Trond Myklebust <Trond.Myklebust@xxxxxxxxxx> · Mon, 14 Mar 2011 14:09:29 -0400

Hi Linus,

Please pull from the "bugfixes" branch of the repository at

   git pull git://git.linux-nfs.org/projects/trondmy/nfs-2.6.git bugfixes

This will update the following files through the appended changesets.

  Cheers,
    Trond

----
 fs/nfs/inode.c                           |    7 ++-
 fs/nfs/nfs4_fs.h                         |   10 ++-
 fs/nfs/nfs4filelayoutdev.c               |    4 +
 fs/nfs/nfs4proc.c                        |   91 +++++++++++++++++-------------
 fs/nfs/nfs4state.c                       |   29 +++++++---
 fs/nfs/nfs4xdr.c                         |    4 +-
 fs/nfs/nfsroot.c                         |   29 +++++-----
 fs/nfs/unlink.c                          |    2 +-
 fs/nfs/write.c                           |    2 +
 include/linux/nfs_fs_sb.h                |   10 +--
 include/linux/sunrpc/sched.h             |    1 +
 kernel/sched.c                           |    1 +
 net/sunrpc/sched.c                       |   75 ++++++++++++++++++++-----
 net/sunrpc/xprtrdma/svc_rdma_transport.c |    1 +
 net/sunrpc/xprtsock.c                    |    3 +-
 15 files changed, 178 insertions(+), 91 deletions(-)

commit 53d4737580535e073963b91ce87d4216e434fab5
Author: Chuck Lever <chuck.lever@xxxxxxxxxx>
Date:   Fri Mar 11 15:31:06 2011 -0500

    NFS: NFSROOT should default to "proto=udp"

    There have been a number of recent reports that NFSROOT is no longer
    working with default mount options, but fails only with certain NICs.

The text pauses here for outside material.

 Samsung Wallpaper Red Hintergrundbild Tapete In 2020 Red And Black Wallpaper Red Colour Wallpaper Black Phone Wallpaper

    Brian Downing <bdowning@xxxxxxxxx> bisected to commit 56463e50 "NFS:
    Use super.c for NFSROOT mount option parsing".  Among other things,
    this commit changes the default mount options for NFSROOT to use TCP
    instead of UDP as the underlying transport.

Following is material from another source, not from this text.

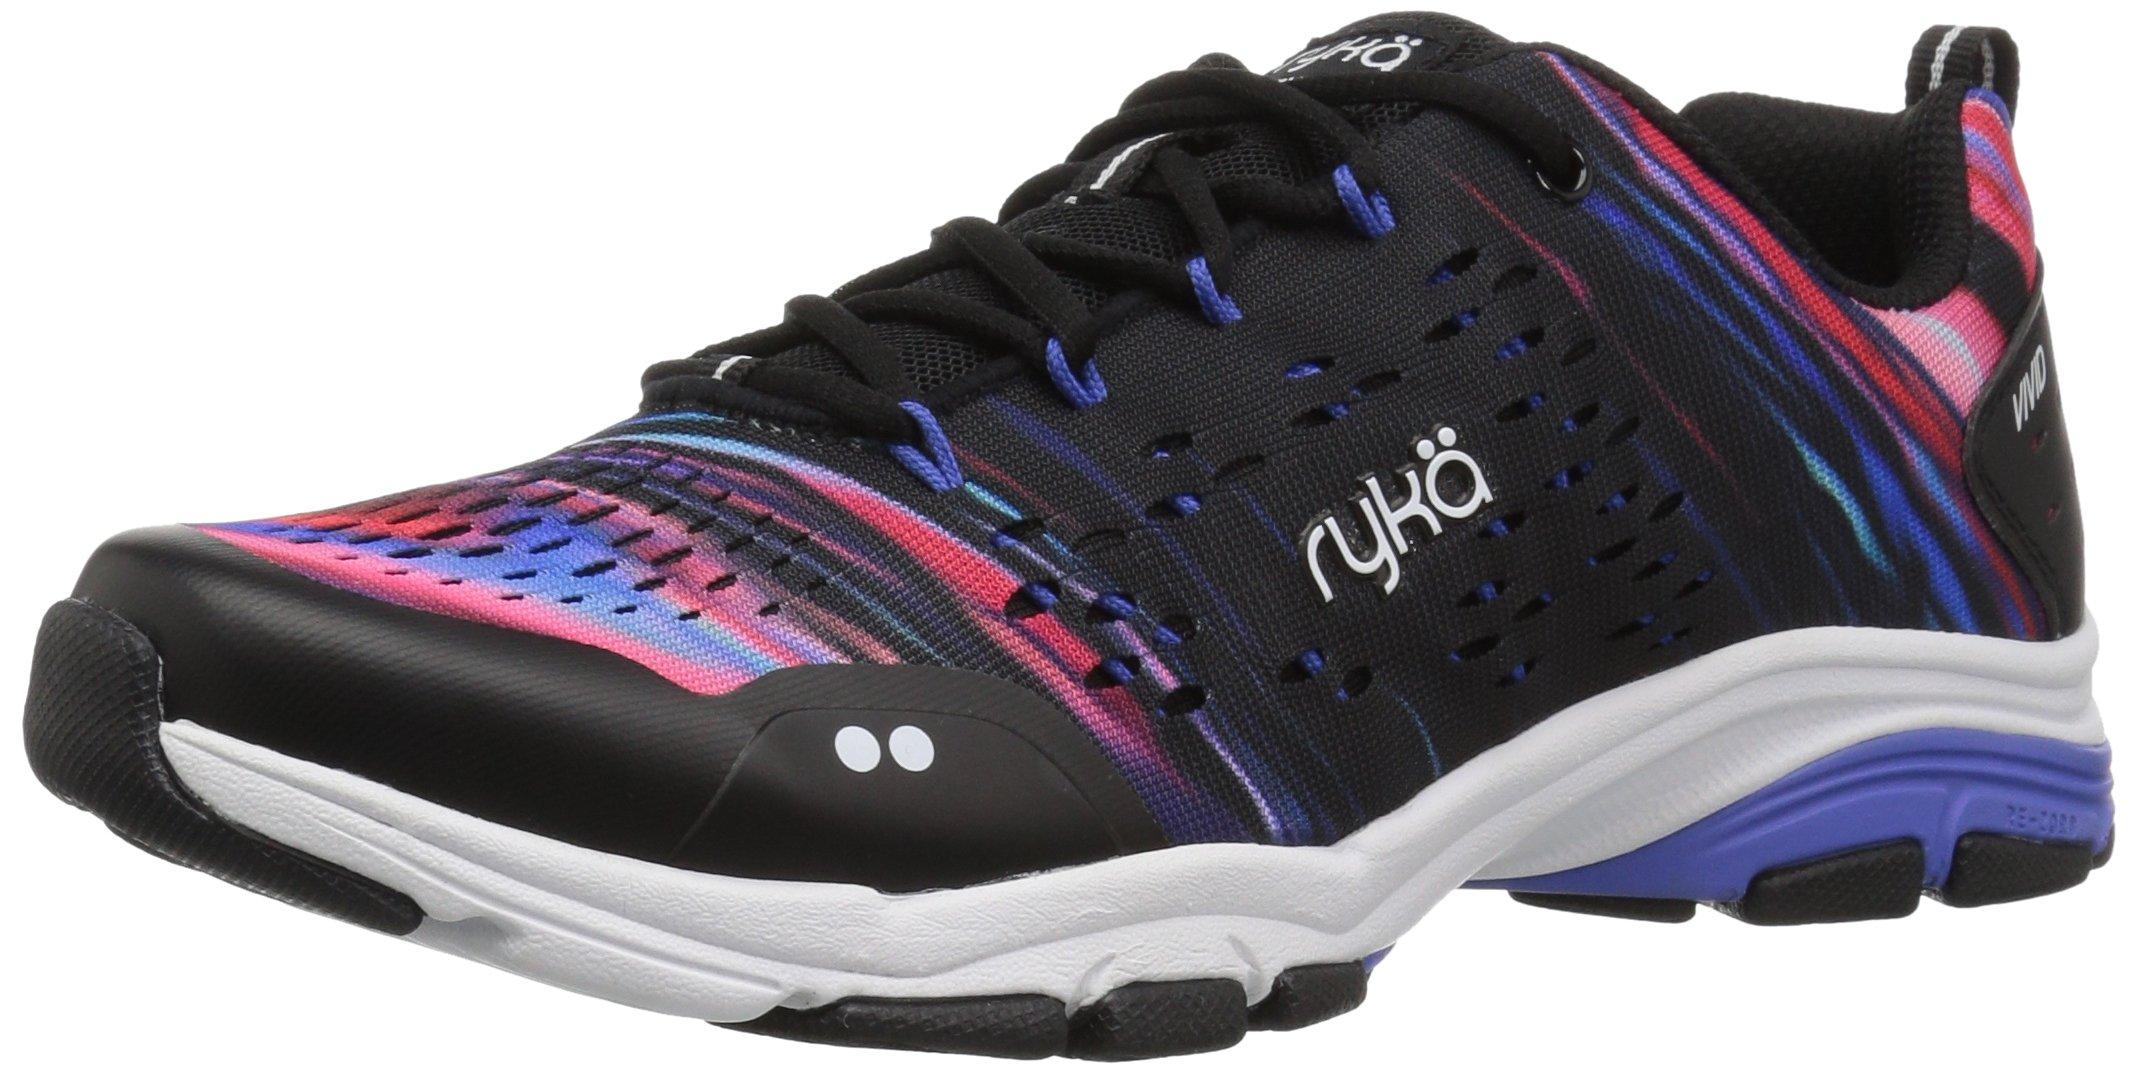 Ryka Women's Vivid RZX Cross Trainer, Black/Multi, 8 M US by Ryka

    TCP seems less able to deal with NICs that are slow to initialize.
    The system logs that have accompanied reports of problems all show
    that NFSROOT attempts to establish a TCP connection before the NIC is
    fully initialized, and thus the TCP connection attempt fails.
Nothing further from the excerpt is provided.